[Start of section]

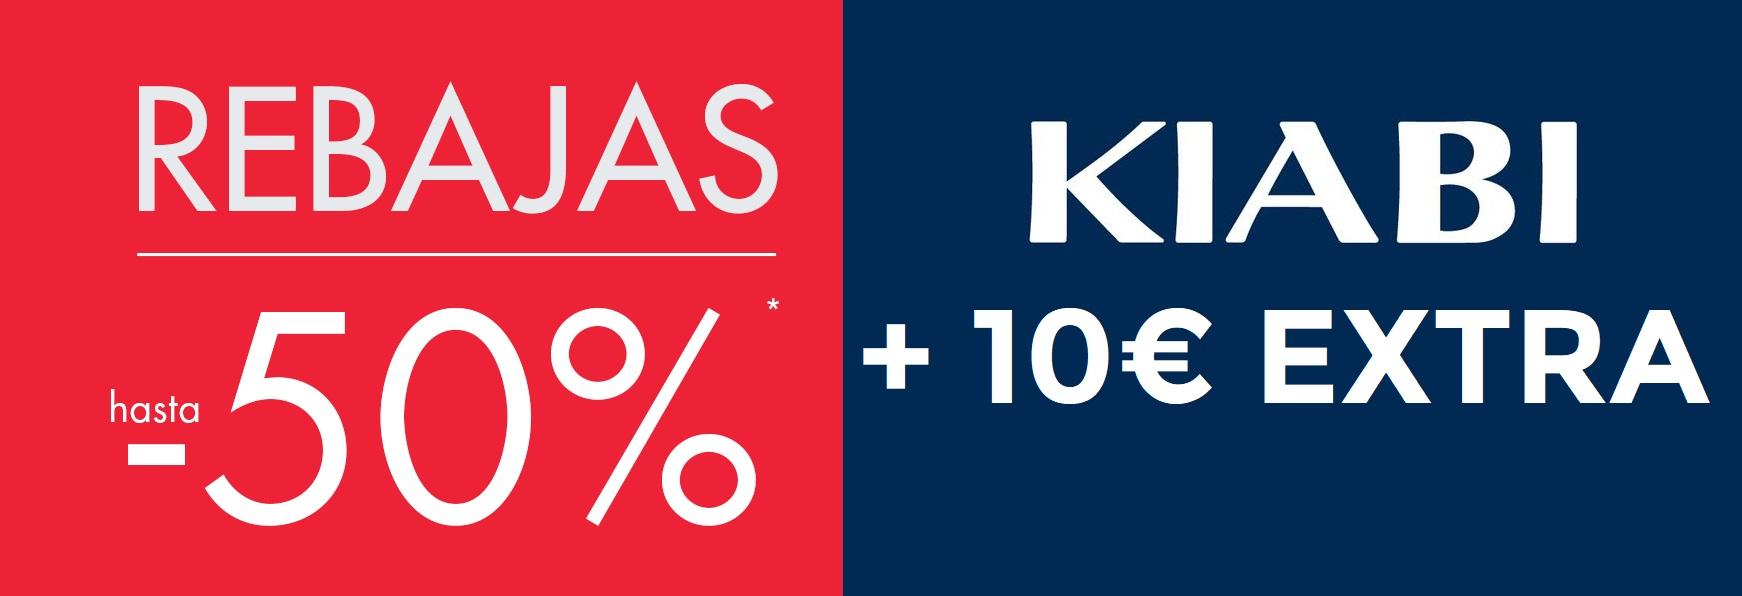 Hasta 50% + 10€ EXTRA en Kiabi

[End of section]
[Start of section]

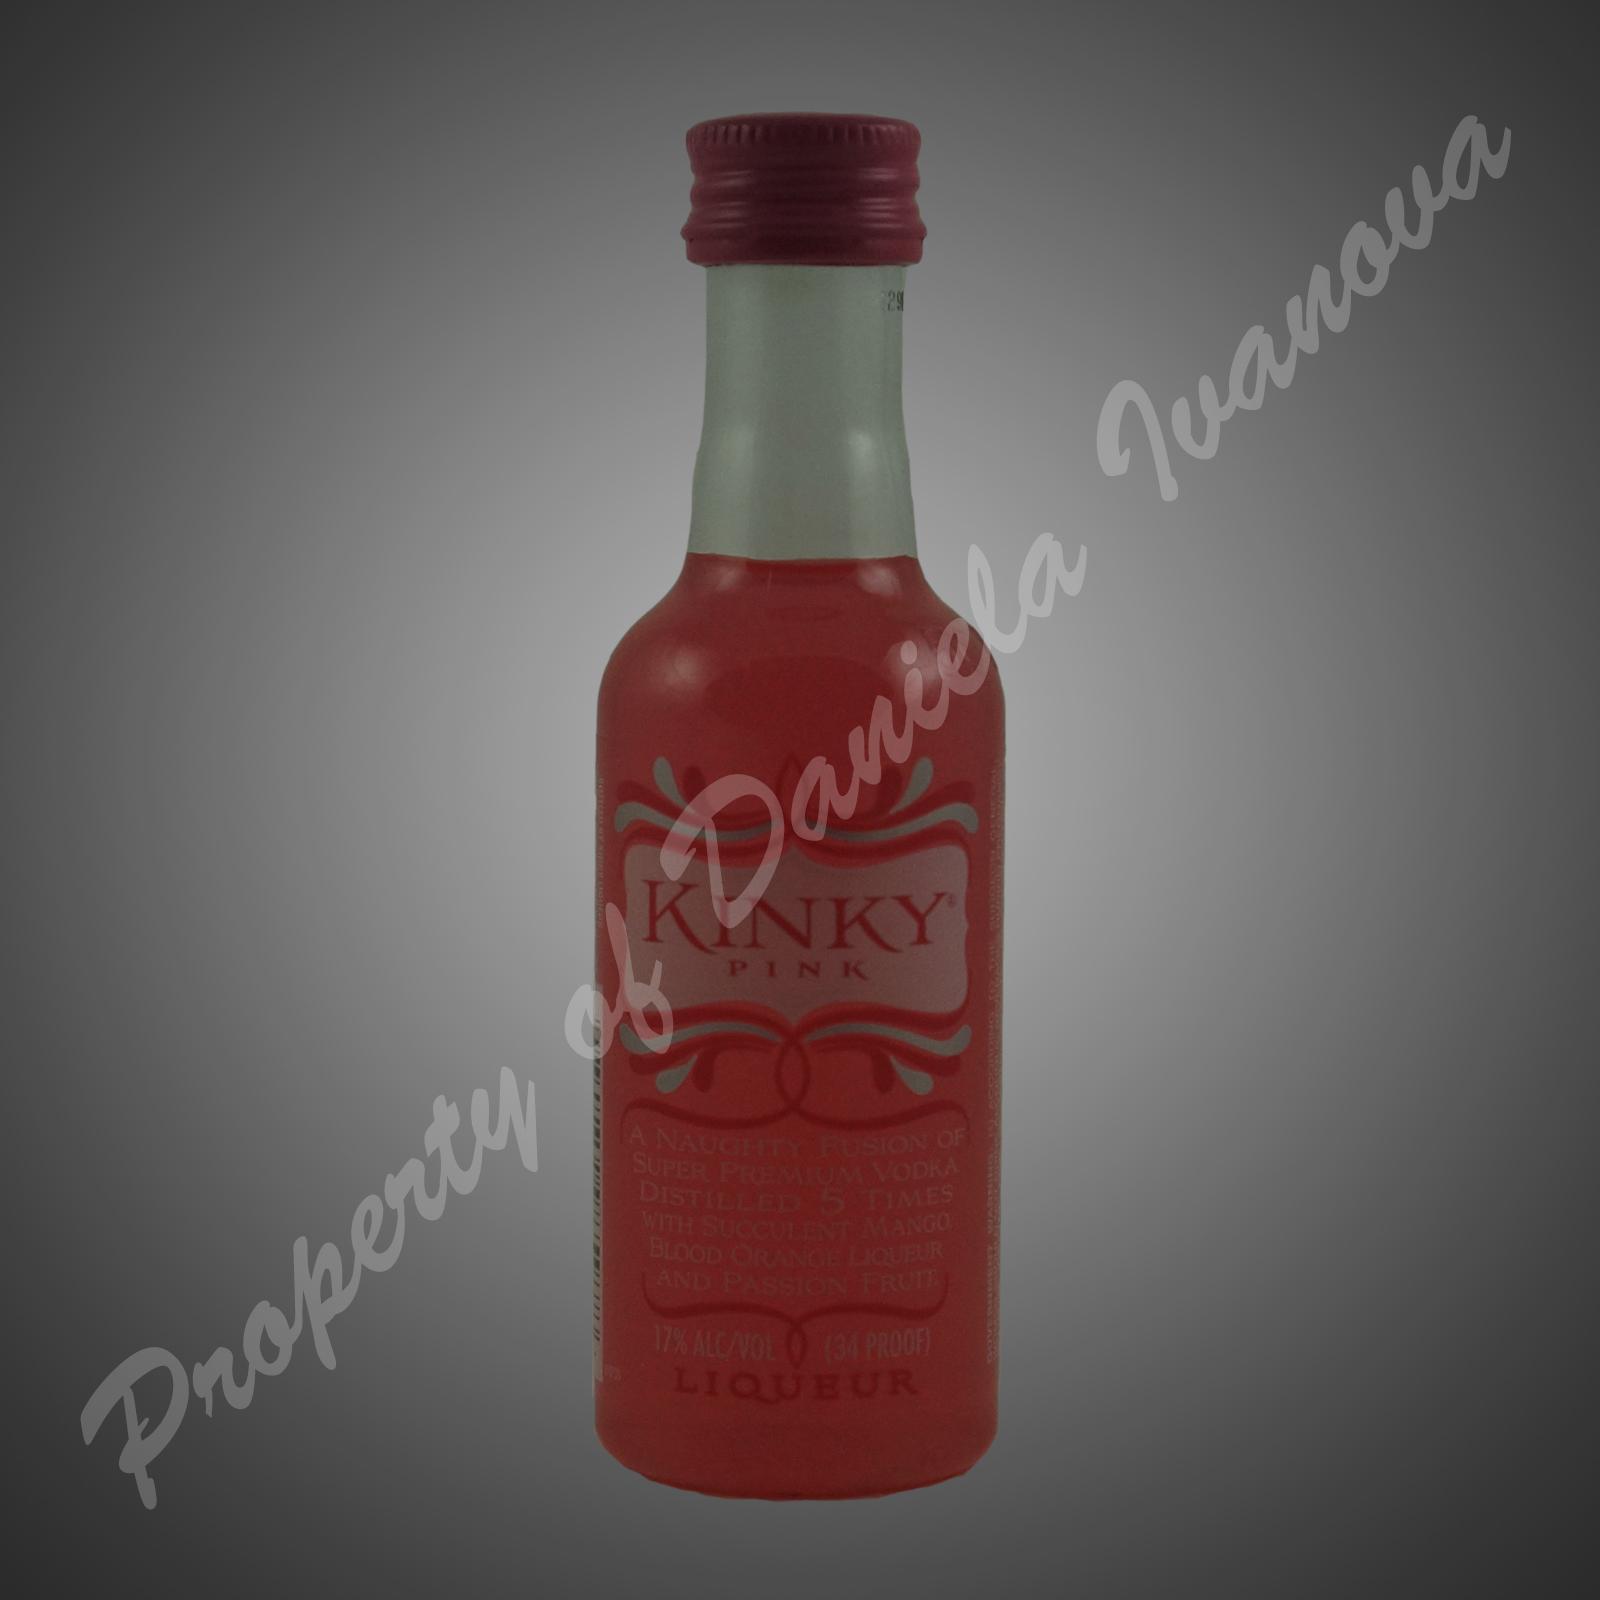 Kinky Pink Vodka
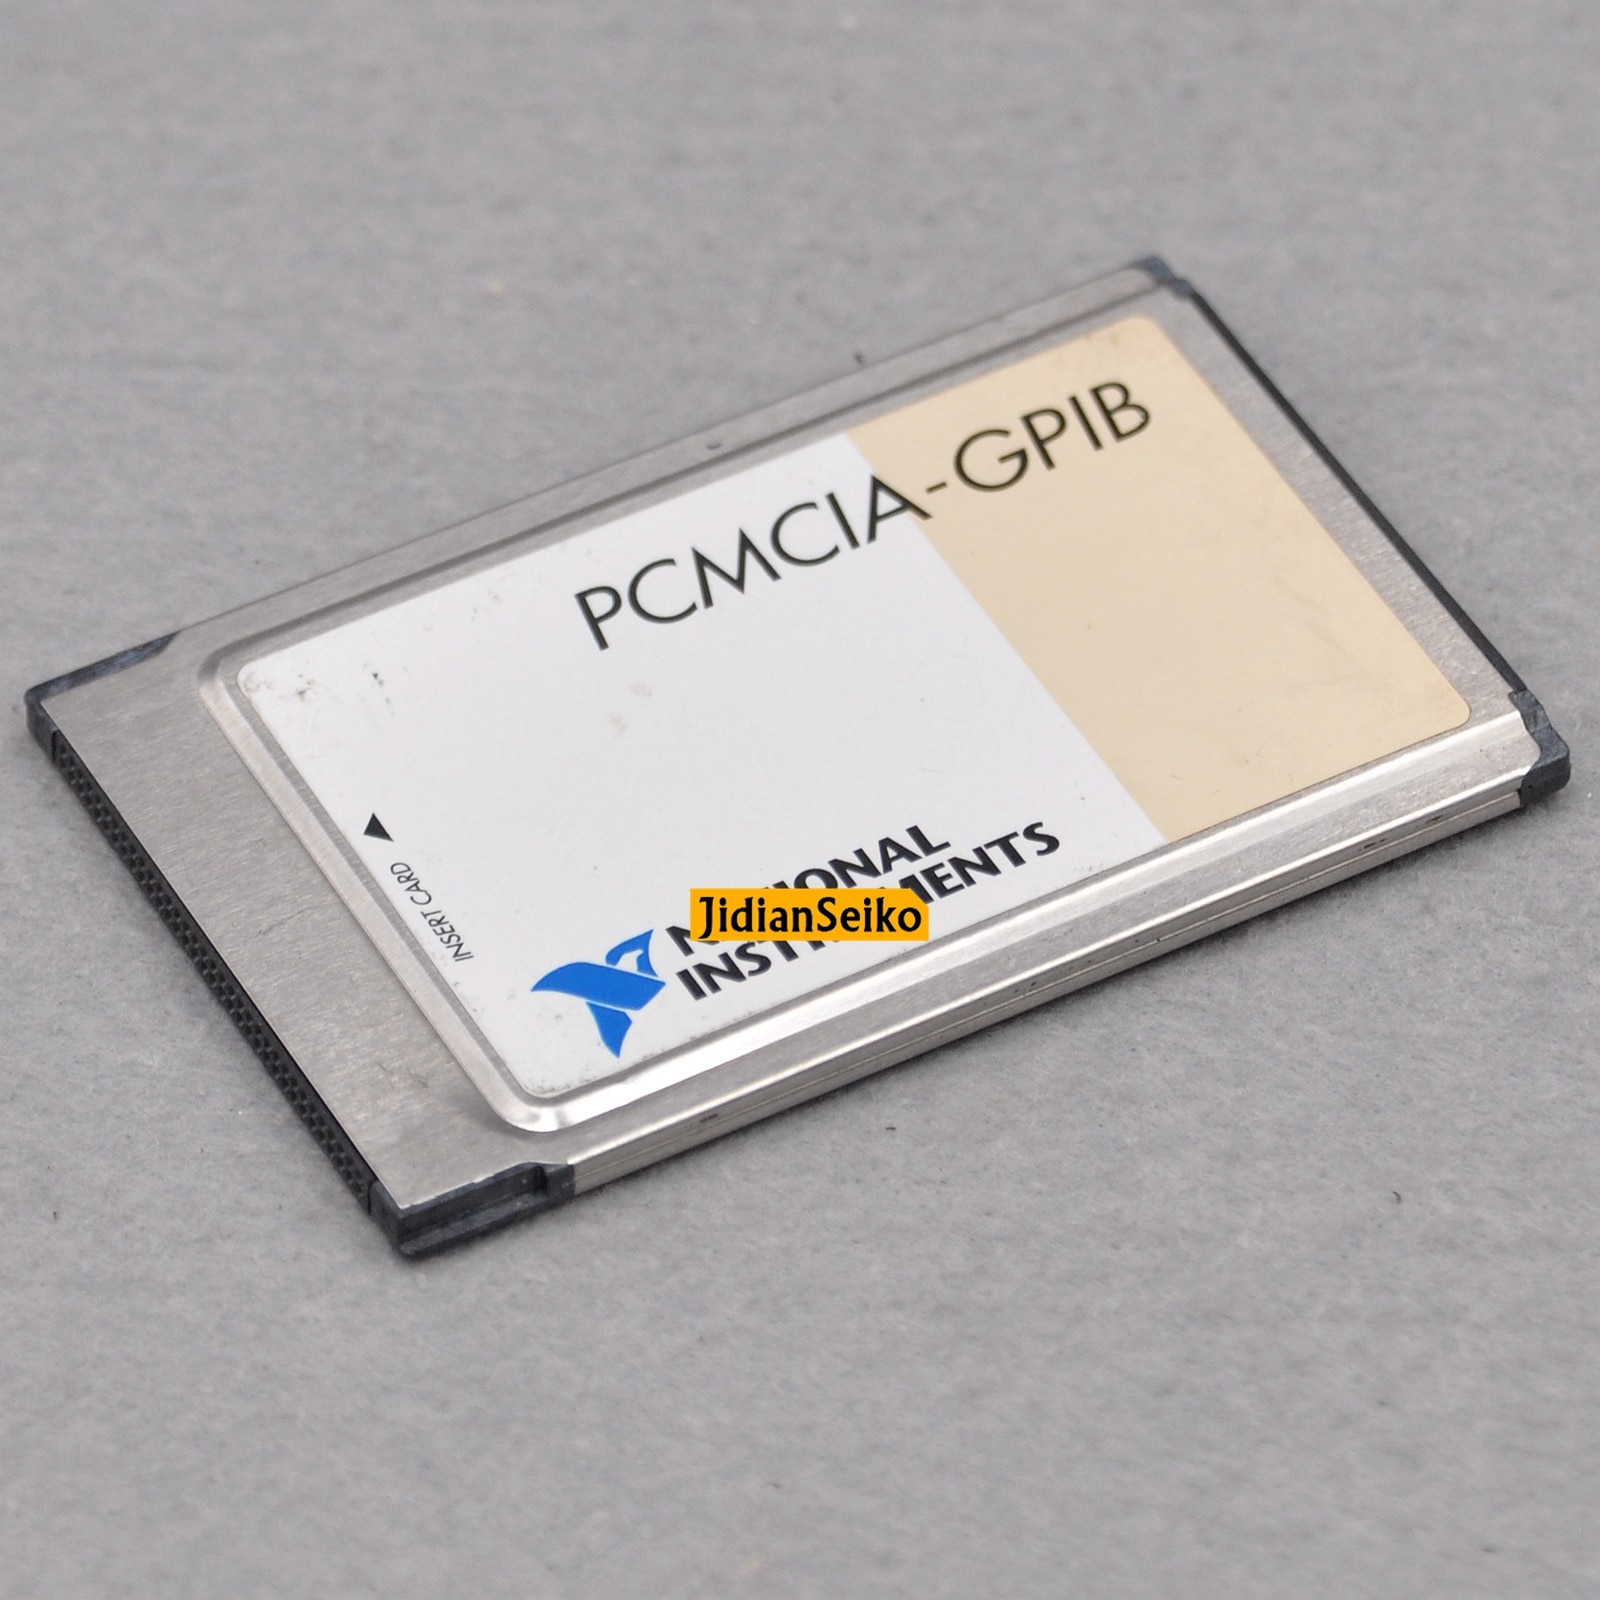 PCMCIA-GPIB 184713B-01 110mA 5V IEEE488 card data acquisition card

[End of section]
[Start of section]

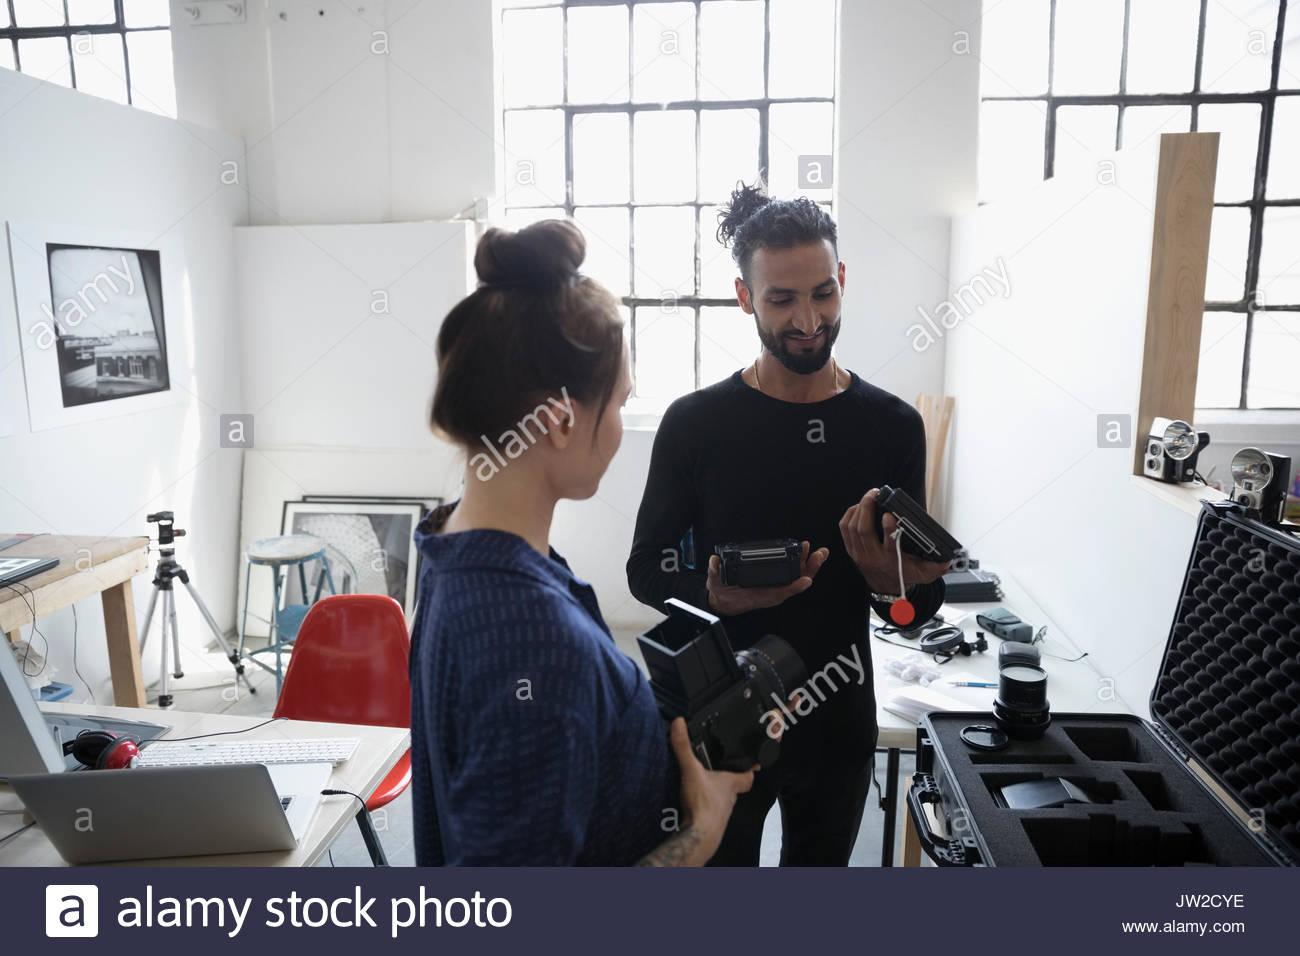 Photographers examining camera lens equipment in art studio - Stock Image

[End of section]

Work request
Word for word, restate the lines above from the one with "Kinky Pink Vodka" through the one with "PCMCIA-GPIB 184713B-01 110mA", keeping both ends and dropping the pictures.

Your solution
 Kinky Pink Vodka
 PCMCIA-GPIB 184713B-01 110mA 5V IEEE488 card data acquisition card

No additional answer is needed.